(DESCRIPTION OF THE TASK) From the entries provided below, copy each line that contains the word "Shirt".

(DATA PROVIDED)

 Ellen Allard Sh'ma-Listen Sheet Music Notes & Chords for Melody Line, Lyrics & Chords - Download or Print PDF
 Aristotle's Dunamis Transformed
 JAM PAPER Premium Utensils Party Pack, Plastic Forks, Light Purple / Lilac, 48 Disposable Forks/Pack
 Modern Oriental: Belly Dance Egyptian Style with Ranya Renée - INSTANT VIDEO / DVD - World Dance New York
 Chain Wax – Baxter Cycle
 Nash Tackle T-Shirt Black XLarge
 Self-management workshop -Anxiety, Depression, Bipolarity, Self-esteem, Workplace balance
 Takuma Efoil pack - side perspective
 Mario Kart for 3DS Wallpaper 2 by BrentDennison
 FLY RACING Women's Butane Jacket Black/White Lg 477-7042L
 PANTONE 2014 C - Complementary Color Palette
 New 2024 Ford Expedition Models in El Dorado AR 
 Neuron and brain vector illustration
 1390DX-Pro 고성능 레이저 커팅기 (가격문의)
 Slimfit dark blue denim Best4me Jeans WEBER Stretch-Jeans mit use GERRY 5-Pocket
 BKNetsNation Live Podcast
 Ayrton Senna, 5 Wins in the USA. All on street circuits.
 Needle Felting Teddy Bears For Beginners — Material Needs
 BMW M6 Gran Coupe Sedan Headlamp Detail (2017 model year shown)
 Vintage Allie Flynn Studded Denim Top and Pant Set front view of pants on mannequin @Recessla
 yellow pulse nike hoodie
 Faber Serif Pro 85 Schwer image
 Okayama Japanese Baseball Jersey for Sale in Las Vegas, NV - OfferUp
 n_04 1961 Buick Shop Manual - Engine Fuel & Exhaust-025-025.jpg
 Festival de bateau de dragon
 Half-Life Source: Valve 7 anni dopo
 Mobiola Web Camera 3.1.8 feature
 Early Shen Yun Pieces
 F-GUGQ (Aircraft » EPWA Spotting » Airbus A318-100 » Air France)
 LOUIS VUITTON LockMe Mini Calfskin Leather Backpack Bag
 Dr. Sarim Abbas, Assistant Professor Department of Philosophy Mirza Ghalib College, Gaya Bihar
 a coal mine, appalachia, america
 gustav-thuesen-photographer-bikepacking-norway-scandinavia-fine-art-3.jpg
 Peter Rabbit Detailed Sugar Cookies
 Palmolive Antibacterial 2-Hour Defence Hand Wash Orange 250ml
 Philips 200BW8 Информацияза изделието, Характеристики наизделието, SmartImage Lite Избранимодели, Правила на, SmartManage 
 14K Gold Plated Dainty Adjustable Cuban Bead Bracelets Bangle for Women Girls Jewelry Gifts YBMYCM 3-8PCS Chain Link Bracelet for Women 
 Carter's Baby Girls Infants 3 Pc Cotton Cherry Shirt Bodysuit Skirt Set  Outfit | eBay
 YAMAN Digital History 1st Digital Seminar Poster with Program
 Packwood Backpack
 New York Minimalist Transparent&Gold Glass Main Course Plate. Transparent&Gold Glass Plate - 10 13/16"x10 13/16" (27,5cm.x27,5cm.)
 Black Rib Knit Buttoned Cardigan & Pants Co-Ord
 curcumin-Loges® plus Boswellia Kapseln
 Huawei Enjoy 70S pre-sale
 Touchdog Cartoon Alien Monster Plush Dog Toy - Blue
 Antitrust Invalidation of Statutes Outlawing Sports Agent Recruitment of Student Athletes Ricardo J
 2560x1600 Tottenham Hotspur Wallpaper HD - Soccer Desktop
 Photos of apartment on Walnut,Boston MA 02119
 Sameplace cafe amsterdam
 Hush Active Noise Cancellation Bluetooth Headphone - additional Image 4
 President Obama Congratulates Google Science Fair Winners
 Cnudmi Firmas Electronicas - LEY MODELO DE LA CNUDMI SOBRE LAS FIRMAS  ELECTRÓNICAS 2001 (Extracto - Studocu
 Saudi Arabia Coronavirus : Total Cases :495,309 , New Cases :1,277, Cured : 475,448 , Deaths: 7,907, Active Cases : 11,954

(RESPONSE BELOW)
 Nash Tackle T-Shirt Black XLarge
 Carter's Baby Girls Infants 3 Pc Cotton Cherry Shirt Bodysuit Skirt Set  Outfit | eBay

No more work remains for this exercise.